> [Task brief]
Reproduce the data exactly as given, except for any images.

> [Data block]
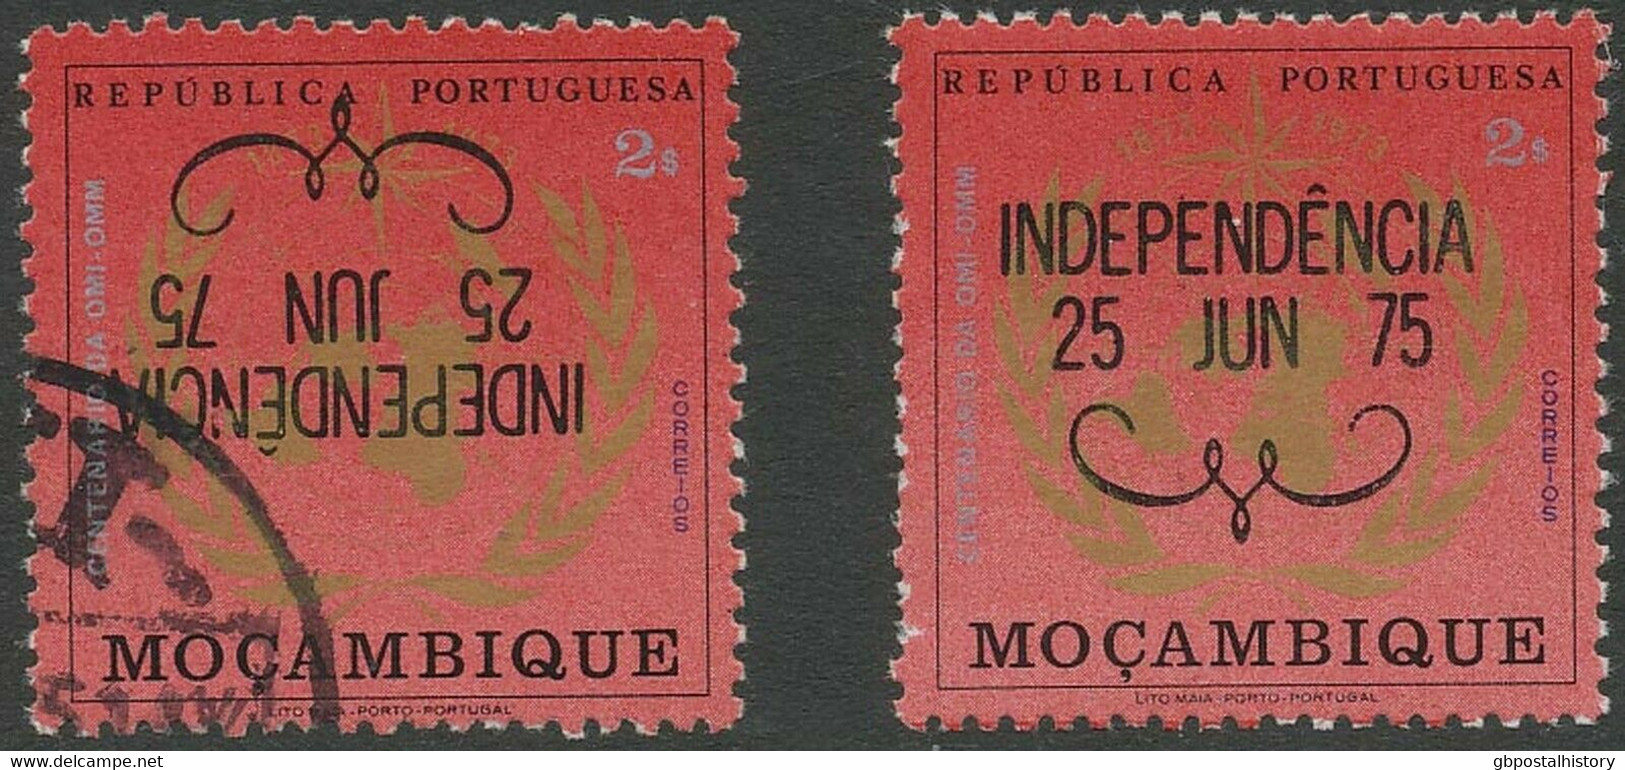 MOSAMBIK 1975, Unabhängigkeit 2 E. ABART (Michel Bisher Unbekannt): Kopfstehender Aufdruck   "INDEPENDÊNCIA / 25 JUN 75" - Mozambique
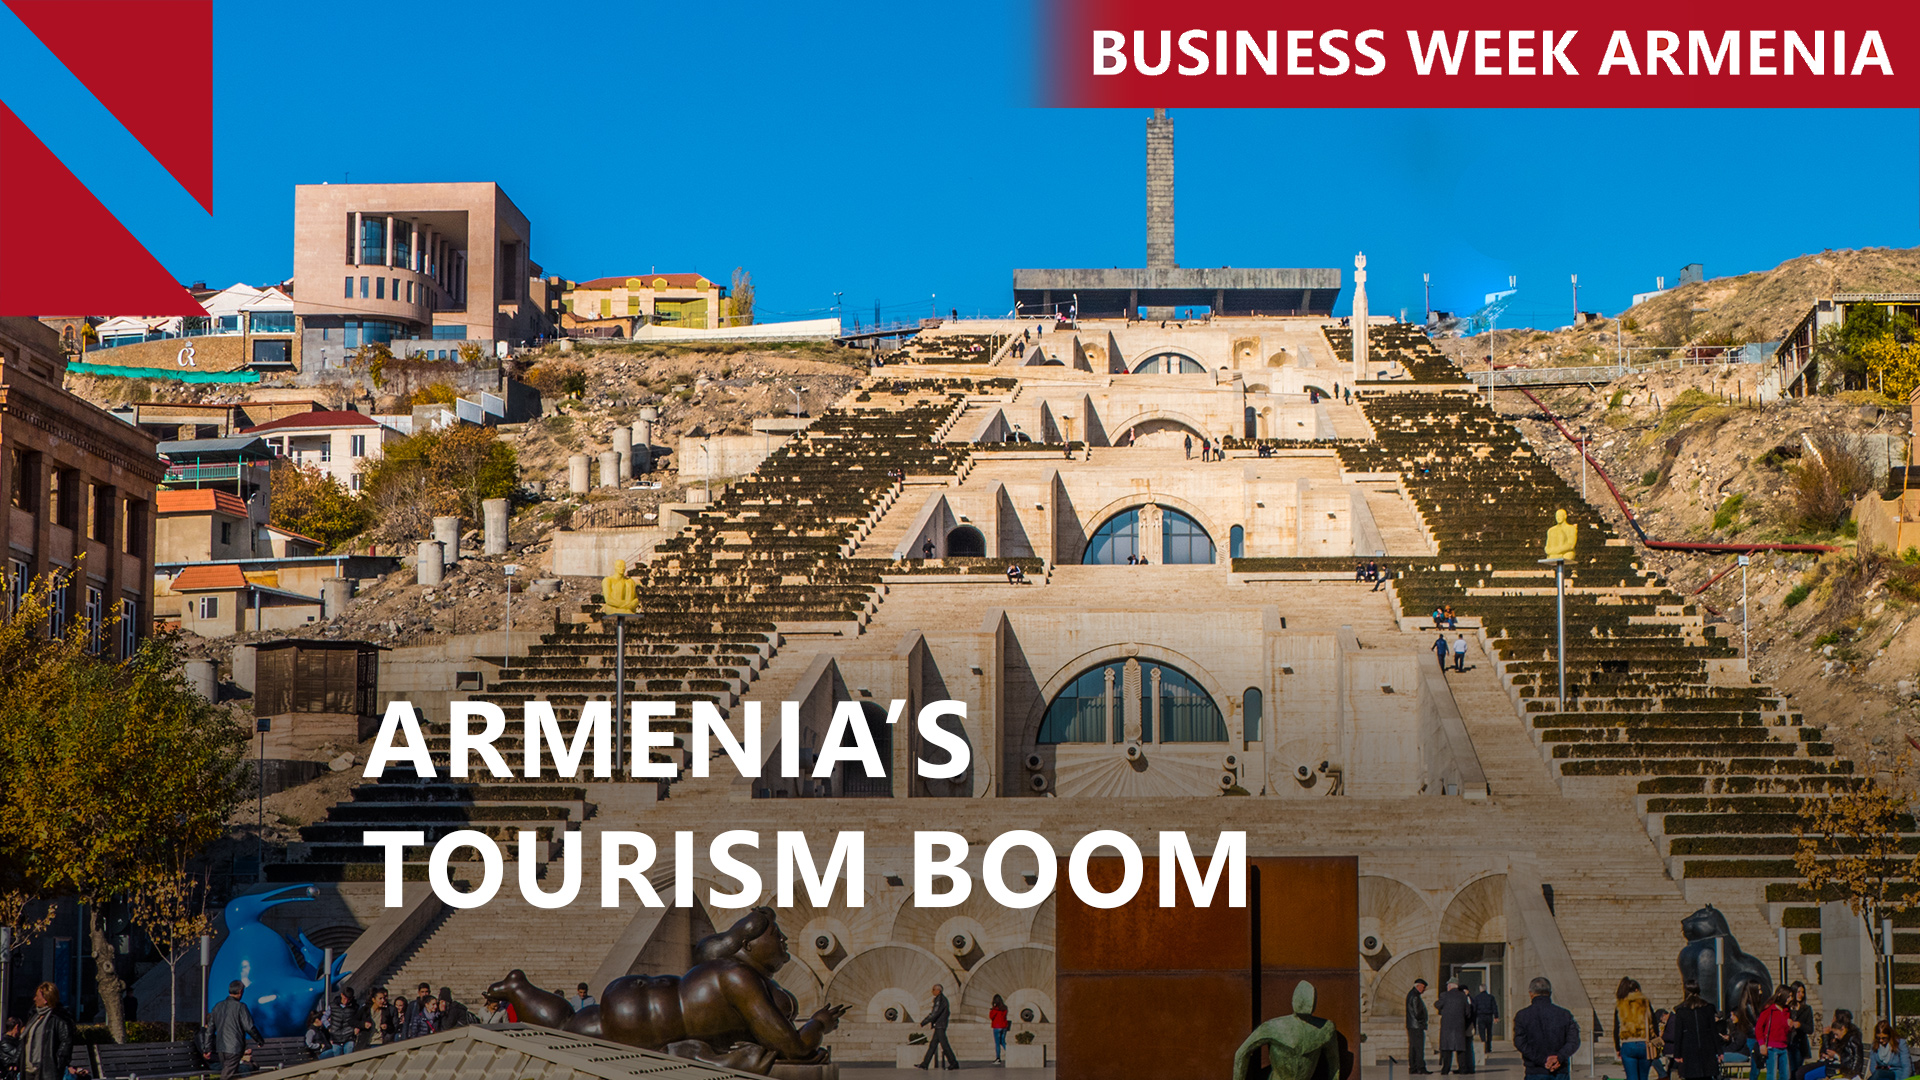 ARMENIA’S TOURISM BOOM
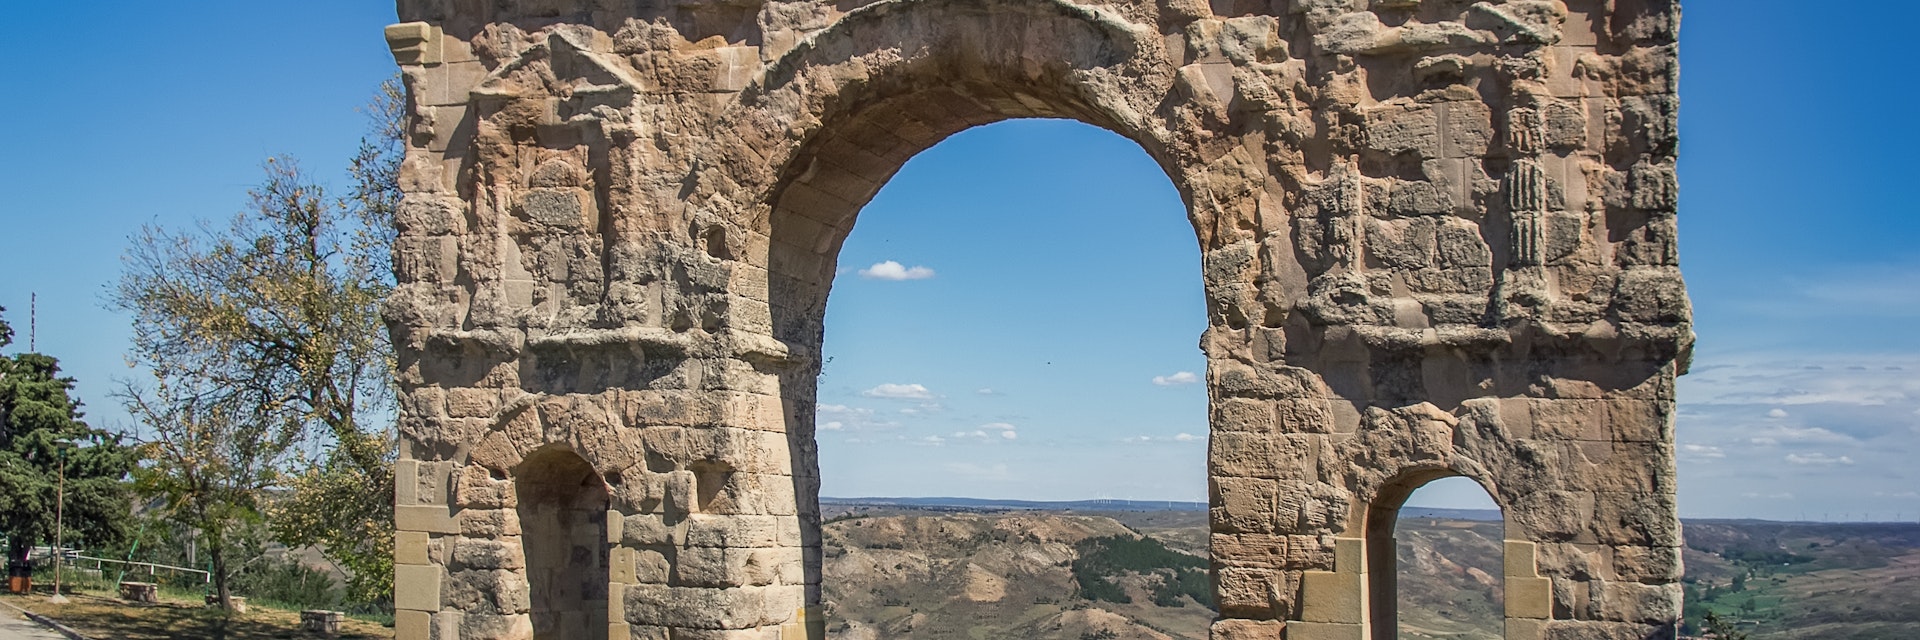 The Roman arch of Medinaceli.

> [Final answer]
 MOSAMBIK 1975, Unabhängigkeit 2 E. ABART (Michel Bisher Unbekannt): Kopfstehender Aufdruck   "INDEPENDÊNCIA / 25 JUN 75" - Mozambique
 ARMENIA’S TOURISM BOOM
 The Roman arch of Medinaceli.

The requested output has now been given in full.